Un garde du Parc au bord du volcan Nyiragongo, dont l’approche n’est plus possible aujourd’hui, pour cause d’insécurité. © Béatrice Petit
Face au projet de déclassement au patrimoine mondial d’une partie du joyau de l’Est du Congo, Justice et Paix a donné la parole à quelques spécialistes de la question lors d’une conférence au Parlement le 20 novembre. Menace ou opportunité?
Coiffé des neiges éternelles des Monts Ruwenzori à la frontière ougandaise et du feu de volcans encore actifs voisins du Rwanda, le plus ancien parc d’Afrique, créé par le Roi Albert Ier en 1925, s’étend aujourd’hui sur près de 800.000 hectares. Il mérite tous les superlatifs de par ses paysages, sa beauté, avec le lac – Edouard – le plus élevé du continent et surtout, la plus grande biodiversité dont une espèce emblématique est menacée, les gorilles de montagne.
Invité de Justice et Paix, l’archevêque de Bukavu, Mgr Mauroy, se souvient d’avoir contemplé dans sa jeunesse, d’immenses troupeaux d’éléphants, d’antilopes, d’hippopotames, une faune exceptionnelle.
Doctorant en anthropoïde-histoire africaine à l’UCL et à la KUL, Thomas Tembo explique que cet espace devenu parc a laissé derrière lui divers royaumes et autant de tribus, pour qui la terre-mère, considérée comme sacrée, ne se vend, ni ne se donne: elle est concédée.
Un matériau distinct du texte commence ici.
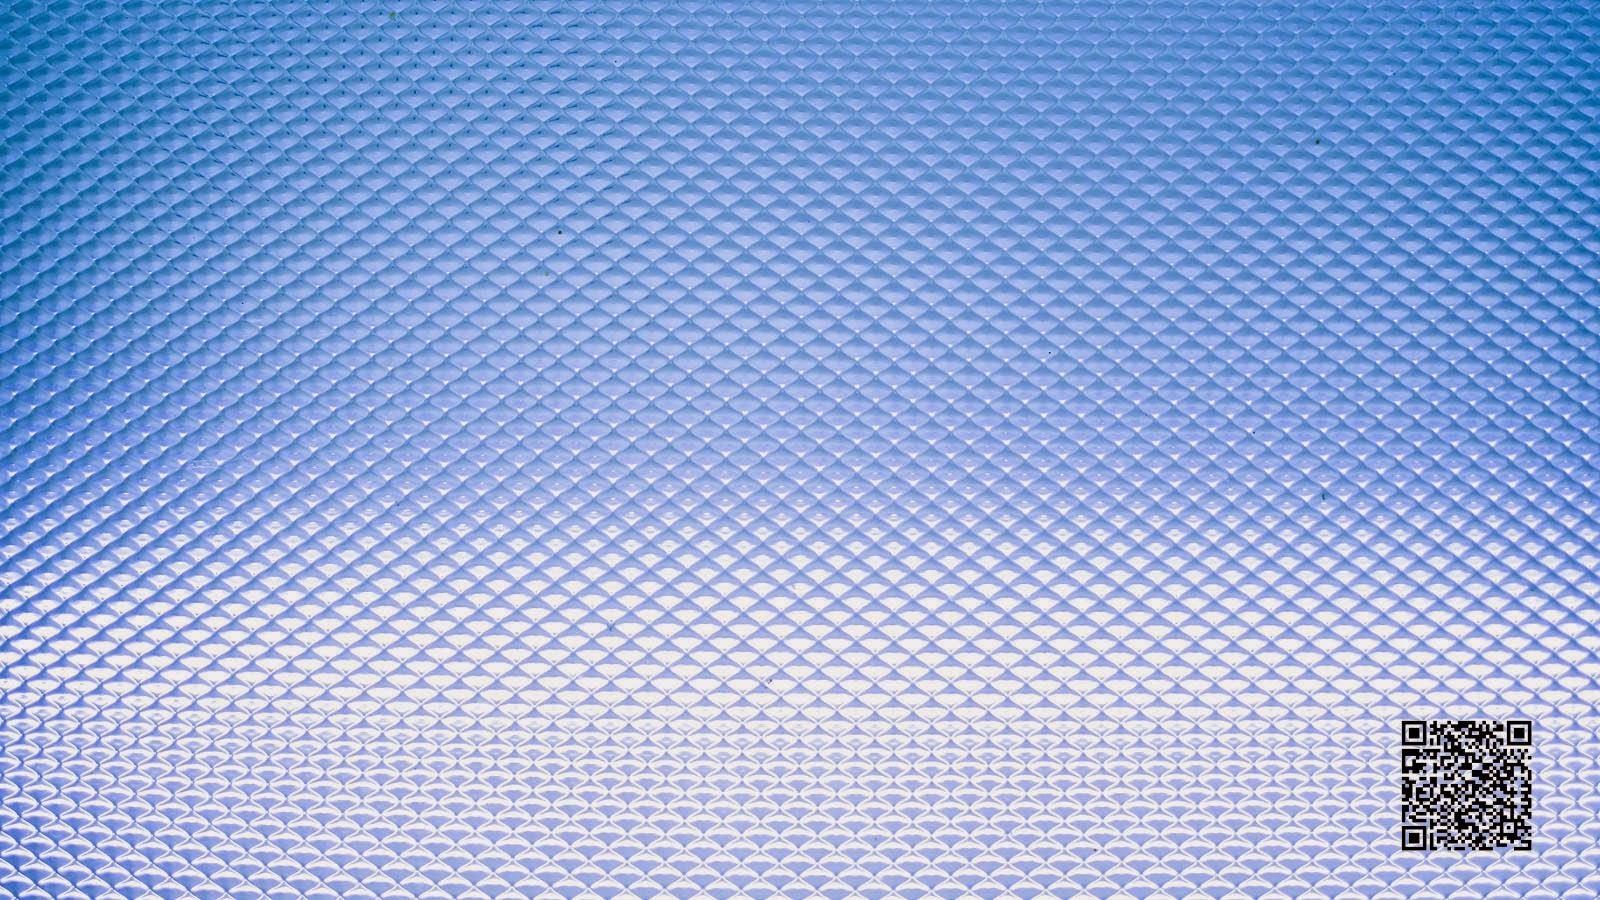 Martin Sheet Metal >> free download Lightings blue Bokeh background fullhd free ~ Wall2U

Après la découverte par Stanley de « la plus belle région du monde », les Belges ont voulu avoir leur parc, à l’instar des Etats-Unis, à la différence qu’il devait être consacré à la recherche scientifique. Etablie à l’origine dans des régions de volcans endormis, la réserve s’est étendue vers des zones habitées, provoquant des revendications de terres, finalement consenties par les Belges. Après l’indépendance, la protection de la nature devient une gageure. Après le génocide rwandais de 1994, lors des guerres menées en RDC, ce qui devait être un sanctuaire se détériore de plus en plus avec l’invasion de groupes armés, qui sèment la terreur, braconnent et déboisent pour se faire de l’argent avec du charbon de bois vendu à grande échelle. 170 rangers ont été tués depuis 1994. Suite à l’assassinat de l’un d’eux et la prise en otages de deux touristes en mai dernier, le Parc est provisoirement fermé.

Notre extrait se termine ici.